Theorem 1: There is a positive real number $x = \sqrt{2}$ such that $x^2 = 2$. |

**Proof of Theorem:**Let the set $S$ be such that $S := \{ s \in \mathbb{R} : 0 ≤ x, s^2 < 2 \}$. We first note that this set is nonempty since clearly $1 \in S$, that is $0 ≤ 1$ and $1^2 = 1 < 2$. Furthermore, we note that this set is also bounded above by 2 since for any $t \in \mathbb{R}$, if $t > 2$ then $t^2 > 4$ so $t%2 \not < 2$.

- Therefore this set has a supremum in $\mathbb{R}$. Let $x = \sup S$ and $x > 1$. We will now show that our supremum $x = \sqrt{2}$ by showing that $x^2 < 2$ and $x^2 > 2$ are invalid cases.

- First consider the case where $x^2 < 2$. We want to find a natural number $n \in \mathbb{N}$ such that $x + \frac{1}{n} \in S$ which would imply that $x = \sup S$ is not an upper bound.

\begin{align} \quad \left ( x + \frac{1}{n} \right ) ^2 = x^2 + \frac{2x}{n} + \frac{1}{n^2} ≤ x^2 + \frac{2x}{n} + \frac{1}{n} = x^2 + \frac{1}{n} ( 2x + 1) \end{align}

- Now we want to choose $n$ such that $x^2 + \frac{1}{n} (2x + 1) < 2$ or rather $\frac{1}{n} (2x + 1) < 2 - x^2$ so that $\left ( x + \frac{1}{n} \right )^2 < 2$.

- Now we note that $\frac{2 - x^2}{2x + 1} > 0$ since the numerator is positive because $x^2 < 2$ so $0 < 2 - x^2$ and the denominator is positive since $x ≥ 0$. Therefore by The Archimedean Property there exists some natural number $n$ such that $\frac{1}{n} ≤ \frac{2 - x^2}{2x + 1}$. Therefore we have obtained such a number $n$ where $\left ( x + \frac{1}{n} \right ) \in S$ which contradicts the fact that $x = \sup S$ since $x < x + \frac{1}{n}$.

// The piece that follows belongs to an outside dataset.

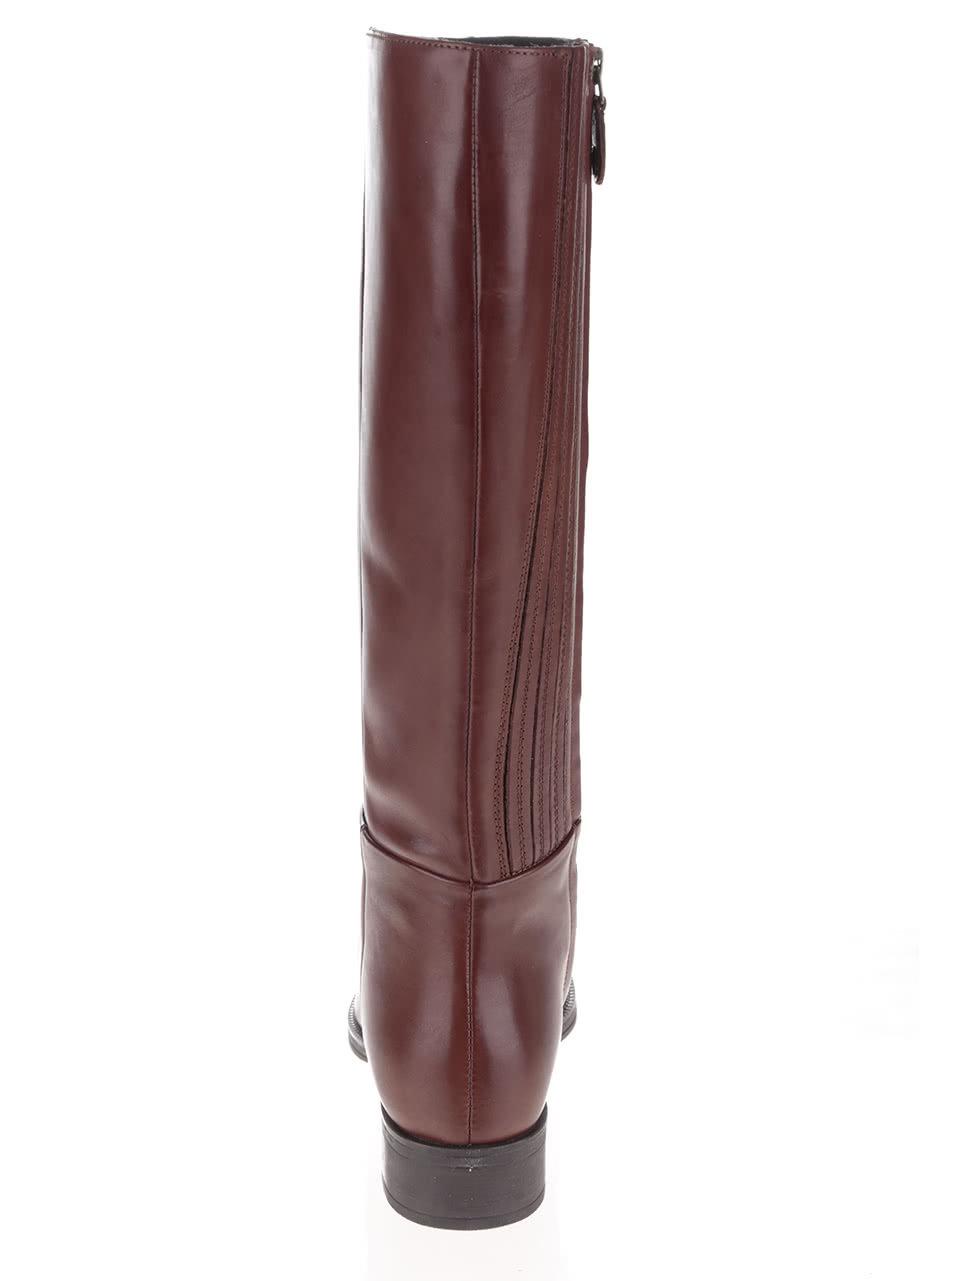 Hnedé vysoké čižmy s detailmi Geox Donna Mendit ... adf852c1703

- Now consider the case where $x^2 > 2$. We want to show that it is possible to find a natural number $m \in \mathbb{N}$ such that $x - \frac{1}{m}$ is also an upper bound of $S$. Now note that:

\begin{align} \: \left ( x - \frac{1}{m} \right )^2 = x^2 - \frac{2x}{m} + \frac{1}{m^2} > x^2 - \frac{2x}{m} \end{align}

- So we want to choose $m$ such that $x^2 - \frac{2x}{m} > 2$ or equivalently $\frac{2x}{m} < x^2 - 2$ to ensure that $\left ( x - \frac{1}{m} \right )^2 > 2$. We know that $x^2 - 2 > 0$ and $2x > 0$ and so therefore:

\begin{align} \frac{1}{m} < \frac{x^2 - 2}{2x} \end{align}

- Once again by the Archimedean property we know that such a natural number $m$ exists.

- Now suppose that $s \in S$. Then $s^2 < 2 < x - \frac{1}{m}$ which implies that $x - \frac{1}{m}$ is an upper bound for $S$. But then we have a contradiction since $x = \sup S$ is not the supremum of $S$ since $x - \frac{1}{m} < x$.

- Therefore our only possibility is that $x^2 = 2$ and so $x = \sqrt{2} = \sup S$. Since the supremum of a set is a real number, we conclude $\sqrt{2} \in \mathbb{R}$. $\blacksquare$